# Sky+ in Murcia



## John Hesketh (Apr 25, 2011)

I have a 1.9m dish and a Thomson Sky+ box. I can't get the planner to work properly. Series link doesn't work and I can never get the planner to show more than a day ahead. Other than that, it works fine.

Is this normal, or can I fix it, possibly with a better box?


----------



## Ettylou (Apr 22, 2011)

John Hesketh said:


> I have a 1.9m dish and a Thomson Sky+ box. I can't get the planner to work properly. Series link doesn't work and I can never get the planner to show more than a day ahead. Other than that, it works fine.
> 
> Is this normal, or can I fix it, possibly with a better box?

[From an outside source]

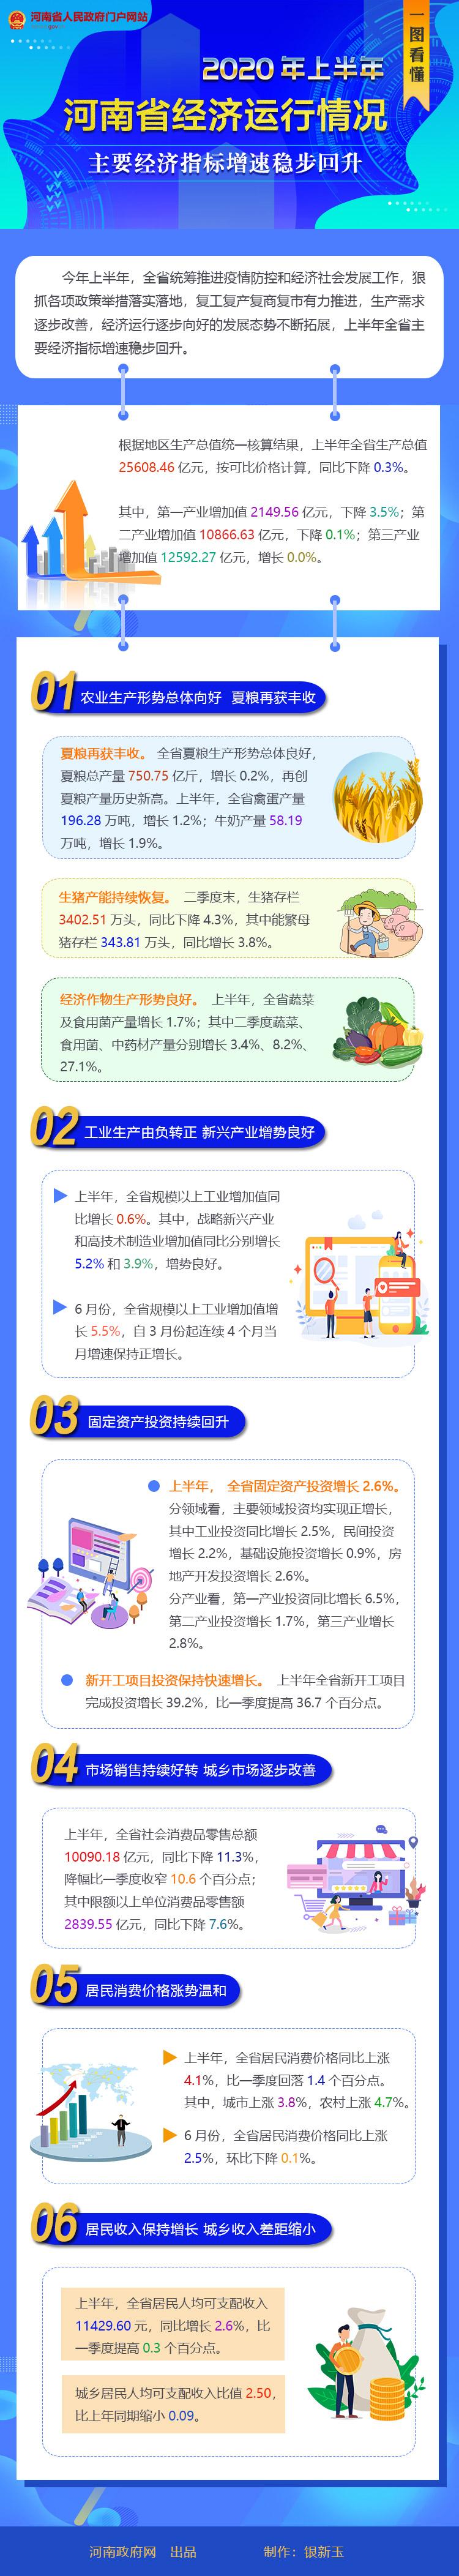 一图看懂 | 2020年上半年河南省经济运行情况

Hi John, I don't know how to fix it but I do know that a couple of peeps round by my Mum & Dad have them & they do work, so it is possible. Sorry prob not much help, I'll ask around & see if anyone else had probs x


----------



## tradujur (Apr 25, 2011)

I will ask an expert I know and if he tells me anything I will make sure you get his advice!


----------



## spanick (Apr 25, 2011)

John Hesketh said:


> I have a 1.9m dish and a Thomson Sky+ box. I can't get the planner to work properly. Series link doesn't work and I can never get the planner to show more than a day ahead. Other than that, it works fine.
> 
> Is this normal, or can I fix it, possibly with a better box?


Hi
If your dish is set up correctly, you should get an 8 day epg on a Sky HD box.
The Thomson suffered with power supply problems but if everything else is working then unlikely to be that.


----------



## sat (Jul 20, 2008)

John Hesketh said:


> I have a 1.9m dish and a Thomson Sky+ box. I can't get the planner to work properly. Series link doesn't work and I can never get the planner to show more than a day ahead. Other than that, it works fine.
> 
> Is this normal, or can I fix it, possibly with a better box?

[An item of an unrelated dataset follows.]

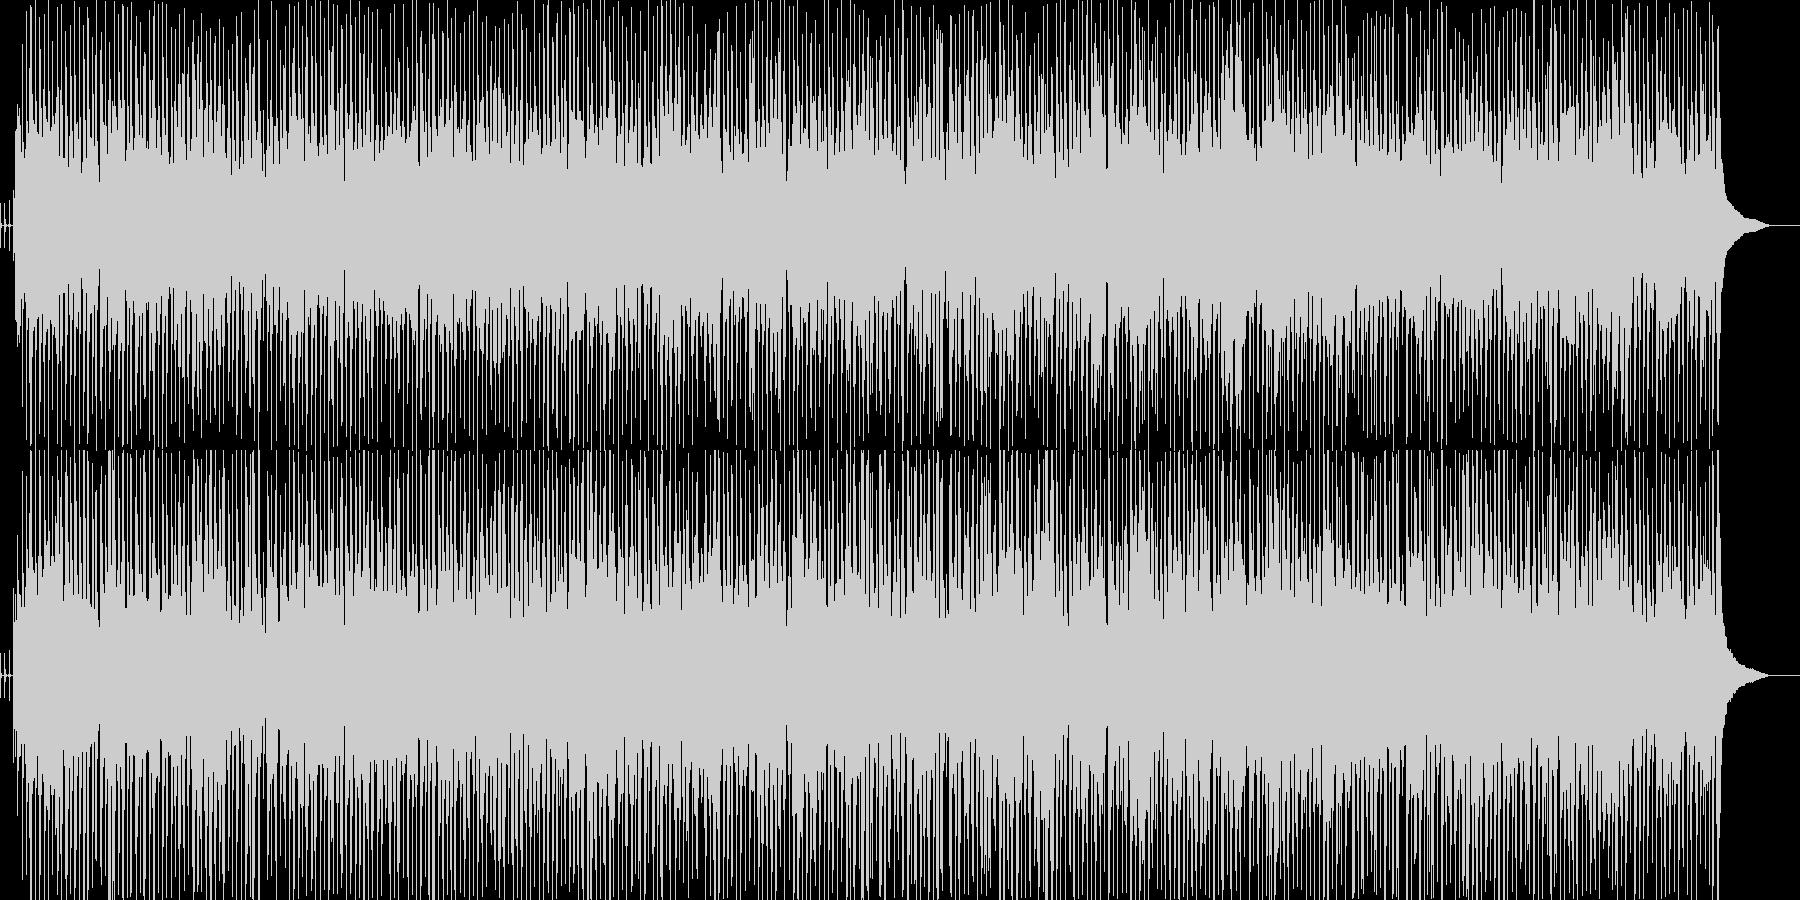 レッスン講座向け音楽01の未再生の波形

The Sky EPG, series link information, and a few Sky channels are on a frequency that can be "tricky" to receive. These are on a "north" beam of one of the satellites.
They tend to be weakest at about 5pm, and strong in the morning.

If you are not getting the 7 day EPG, then this is because you cannot receive this frequency.

The dish may need ot be realigned, or even the LNB skew angle to be corrected. This skew is essential for the reception of these frequencies.
It may be that in your area you may still not gt the 7 day EPG.
SOmetimes putting a small sigan attenuator on the cable will help, but this does have an adverse affect on other channels reception.
The two Pace made Sky+ boxes like the EPG frequency better than other boxes.
But new / other boxes will not make a difference if the system is not set up well in the first place.


----------